• Exercise objective: Filter this material down to the lines that hold "http", copying each one.
=== Information supplied ===
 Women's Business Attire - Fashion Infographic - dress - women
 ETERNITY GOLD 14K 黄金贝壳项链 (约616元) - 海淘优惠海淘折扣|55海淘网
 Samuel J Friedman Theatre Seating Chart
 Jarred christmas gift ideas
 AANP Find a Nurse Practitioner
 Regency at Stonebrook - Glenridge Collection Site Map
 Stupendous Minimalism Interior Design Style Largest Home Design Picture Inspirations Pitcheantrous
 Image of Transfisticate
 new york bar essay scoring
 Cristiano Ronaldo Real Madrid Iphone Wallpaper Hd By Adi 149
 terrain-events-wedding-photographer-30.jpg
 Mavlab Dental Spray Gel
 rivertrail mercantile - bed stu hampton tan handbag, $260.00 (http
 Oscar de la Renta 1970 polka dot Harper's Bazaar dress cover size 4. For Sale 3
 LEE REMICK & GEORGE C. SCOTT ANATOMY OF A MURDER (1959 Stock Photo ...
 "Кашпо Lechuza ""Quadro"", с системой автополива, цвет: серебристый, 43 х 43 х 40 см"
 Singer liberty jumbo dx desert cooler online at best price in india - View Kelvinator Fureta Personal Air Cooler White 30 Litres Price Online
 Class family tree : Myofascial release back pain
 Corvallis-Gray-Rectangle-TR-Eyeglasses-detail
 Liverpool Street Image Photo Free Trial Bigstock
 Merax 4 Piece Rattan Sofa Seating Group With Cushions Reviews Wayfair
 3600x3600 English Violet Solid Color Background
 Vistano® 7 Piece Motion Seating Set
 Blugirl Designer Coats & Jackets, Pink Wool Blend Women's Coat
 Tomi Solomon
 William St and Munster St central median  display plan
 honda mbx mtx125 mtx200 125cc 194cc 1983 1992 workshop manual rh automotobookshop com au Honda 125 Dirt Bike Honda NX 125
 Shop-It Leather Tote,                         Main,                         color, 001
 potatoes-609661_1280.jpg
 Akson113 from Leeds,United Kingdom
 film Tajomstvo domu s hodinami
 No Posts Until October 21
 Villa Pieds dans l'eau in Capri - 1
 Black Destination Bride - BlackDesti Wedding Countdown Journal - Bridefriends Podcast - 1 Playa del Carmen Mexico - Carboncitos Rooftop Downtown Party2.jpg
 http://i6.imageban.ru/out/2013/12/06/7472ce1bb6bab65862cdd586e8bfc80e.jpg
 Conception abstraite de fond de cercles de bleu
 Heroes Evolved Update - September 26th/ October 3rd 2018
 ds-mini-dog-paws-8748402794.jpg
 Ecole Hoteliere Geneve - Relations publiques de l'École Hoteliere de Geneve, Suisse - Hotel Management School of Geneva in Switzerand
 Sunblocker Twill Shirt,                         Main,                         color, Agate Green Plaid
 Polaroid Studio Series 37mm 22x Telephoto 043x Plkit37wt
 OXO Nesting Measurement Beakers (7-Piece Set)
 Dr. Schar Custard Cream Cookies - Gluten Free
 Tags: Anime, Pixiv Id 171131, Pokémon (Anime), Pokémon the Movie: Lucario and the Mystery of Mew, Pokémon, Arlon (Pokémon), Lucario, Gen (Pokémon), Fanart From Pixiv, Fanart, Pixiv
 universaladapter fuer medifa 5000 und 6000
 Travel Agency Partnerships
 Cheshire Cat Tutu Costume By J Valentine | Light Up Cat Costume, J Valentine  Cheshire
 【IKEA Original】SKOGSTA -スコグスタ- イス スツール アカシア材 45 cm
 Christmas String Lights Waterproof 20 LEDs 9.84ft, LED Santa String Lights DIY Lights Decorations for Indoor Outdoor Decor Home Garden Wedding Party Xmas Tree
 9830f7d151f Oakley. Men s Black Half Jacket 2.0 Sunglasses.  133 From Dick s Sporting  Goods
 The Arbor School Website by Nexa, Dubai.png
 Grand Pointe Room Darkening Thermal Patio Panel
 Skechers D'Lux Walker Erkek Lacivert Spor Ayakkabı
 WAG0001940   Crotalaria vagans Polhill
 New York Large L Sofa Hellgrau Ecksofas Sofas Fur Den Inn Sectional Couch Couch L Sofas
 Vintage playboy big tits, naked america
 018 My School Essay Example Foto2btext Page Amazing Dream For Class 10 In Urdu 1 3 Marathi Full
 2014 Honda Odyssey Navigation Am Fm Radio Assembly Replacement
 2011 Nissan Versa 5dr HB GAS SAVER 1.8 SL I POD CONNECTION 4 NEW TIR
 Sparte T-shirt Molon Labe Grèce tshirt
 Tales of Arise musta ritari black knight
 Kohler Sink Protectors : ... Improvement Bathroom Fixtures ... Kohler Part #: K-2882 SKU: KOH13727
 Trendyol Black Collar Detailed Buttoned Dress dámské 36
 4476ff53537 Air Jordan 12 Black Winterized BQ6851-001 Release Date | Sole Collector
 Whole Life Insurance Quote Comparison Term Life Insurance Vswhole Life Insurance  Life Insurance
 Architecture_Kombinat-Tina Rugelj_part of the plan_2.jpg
===
• Output below:
 rivertrail mercantile - bed stu hampton tan handbag, $260.00 (http
 http://i6.imageban.ru/out/2013/12/06/7472ce1bb6bab65862cdd586e8bfc80e.jpg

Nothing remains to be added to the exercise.